_Task prompt_
Each line of the data is to be output verbatim, with the images removed.
··· Data block ···
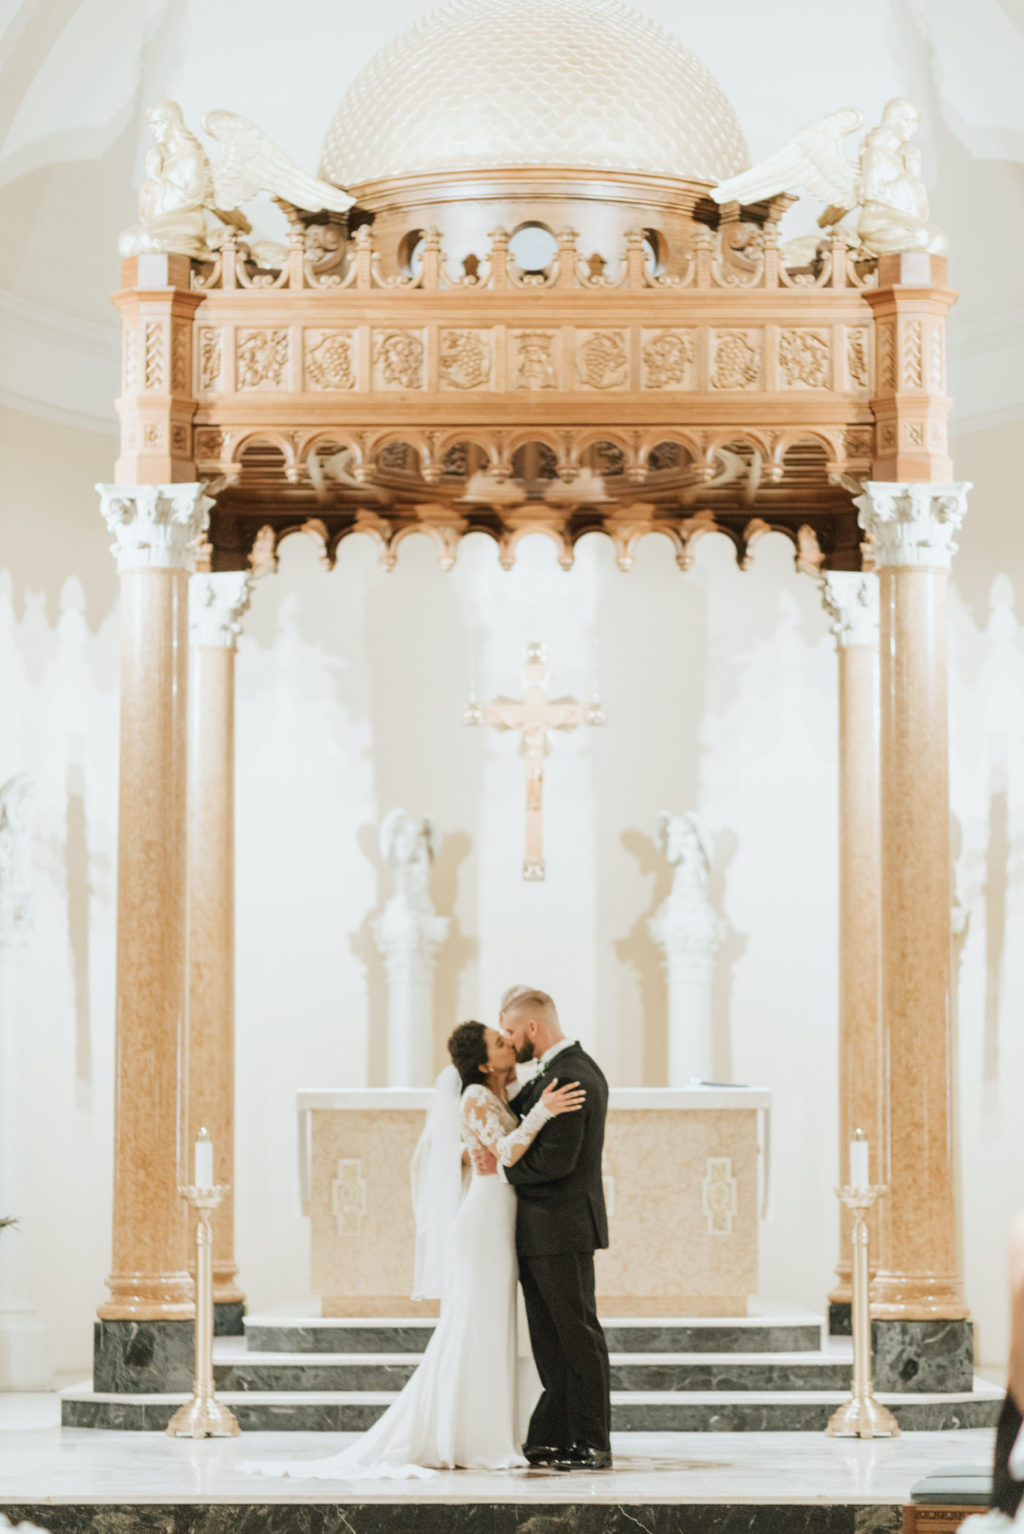 Classic Florida Bride and Groom Kiss At the Altar of Saint Mary Our Lady of Grace Catholic Church| Tampa Bay Wedding Planner Blue Skies Weddings and Events
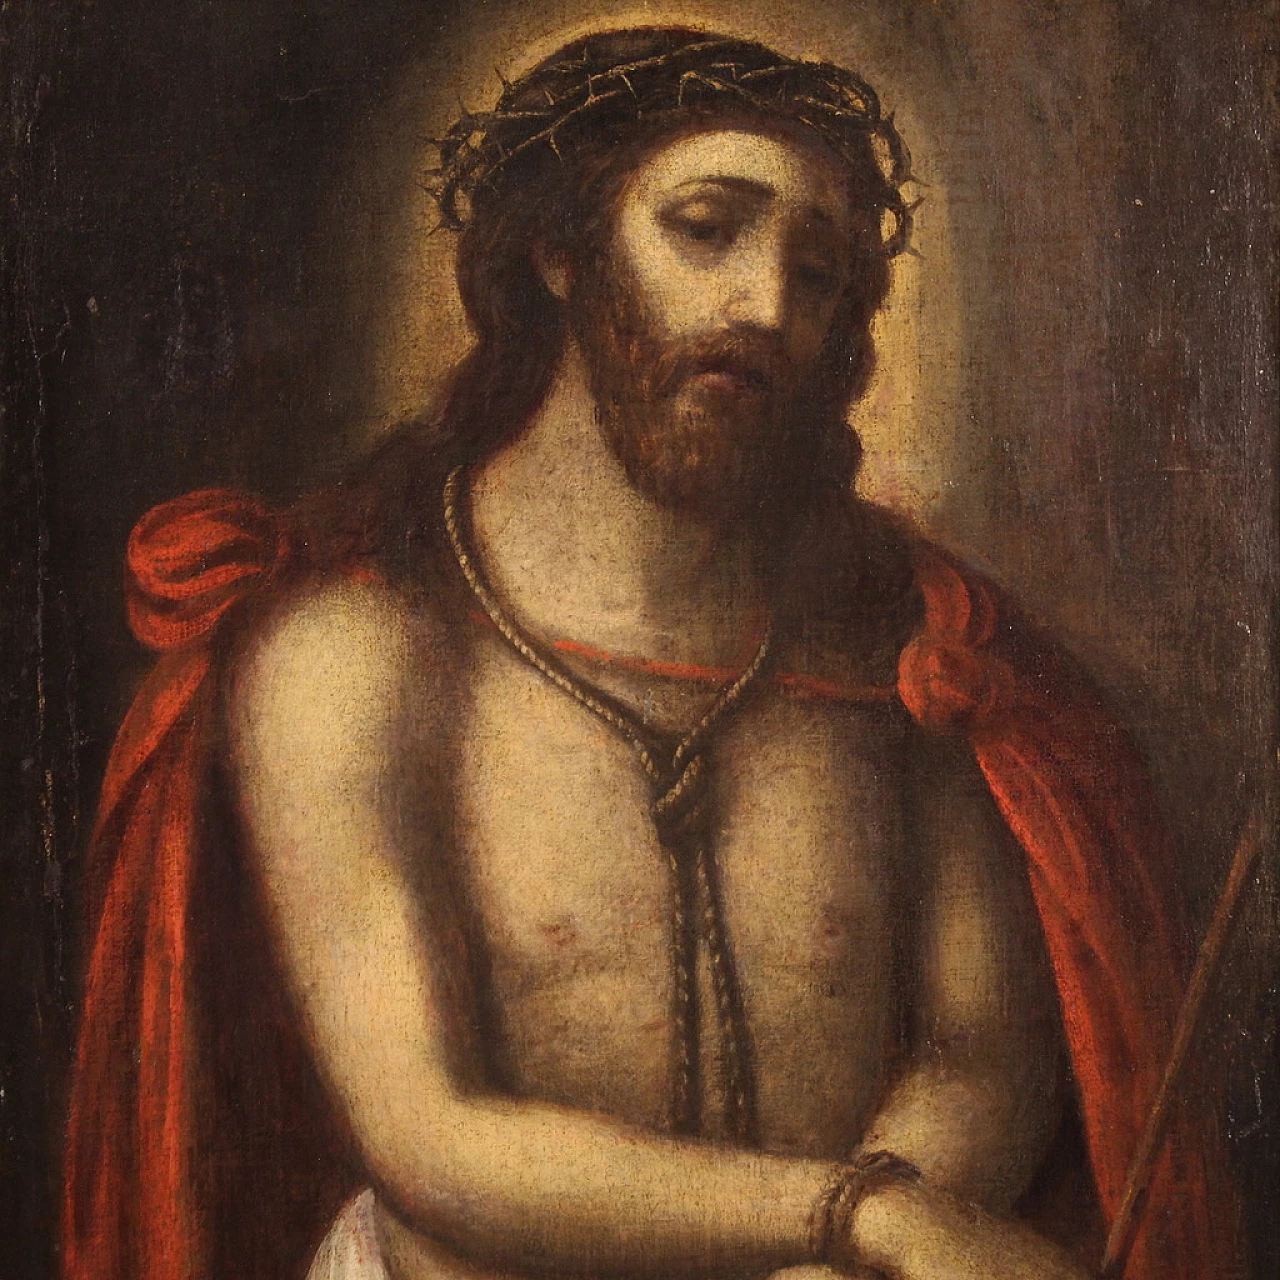 Ecce Homo painting, oil on canvas, 17th century 2
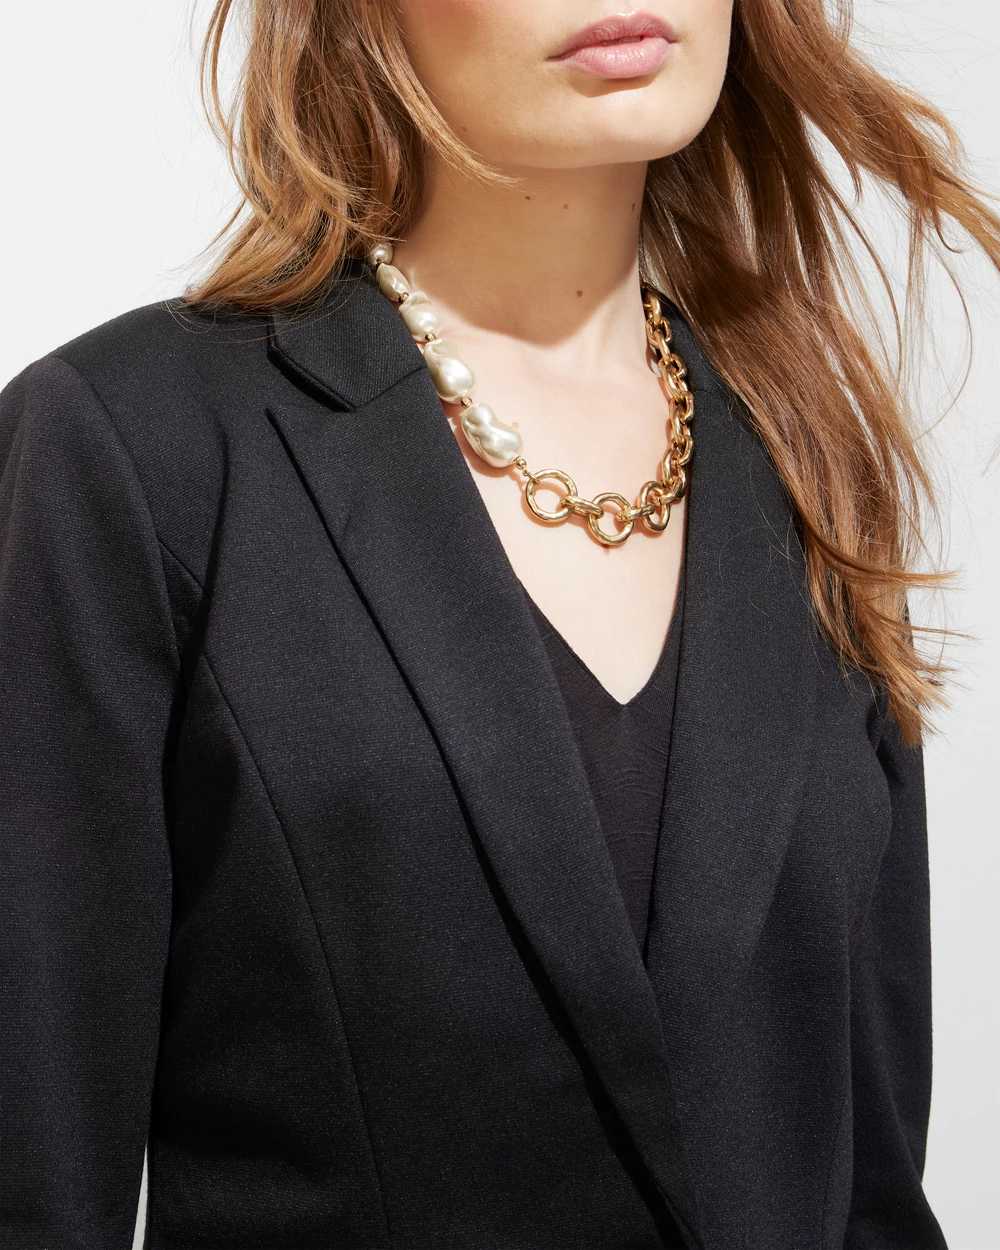 Outlet WHBM Everyday Knit Blazer click to view larger image.
···
_Written solution_
 Classic Florida Bride and Groom Kiss At the Altar of Saint Mary Our Lady of Grace Catholic Church| Tampa Bay Wedding Planner Blue Skies Weddings and Events
 Ecce Homo painting, oil on canvas, 17th century 2
 Outlet WHBM Everyday Knit Blazer click to view larger image.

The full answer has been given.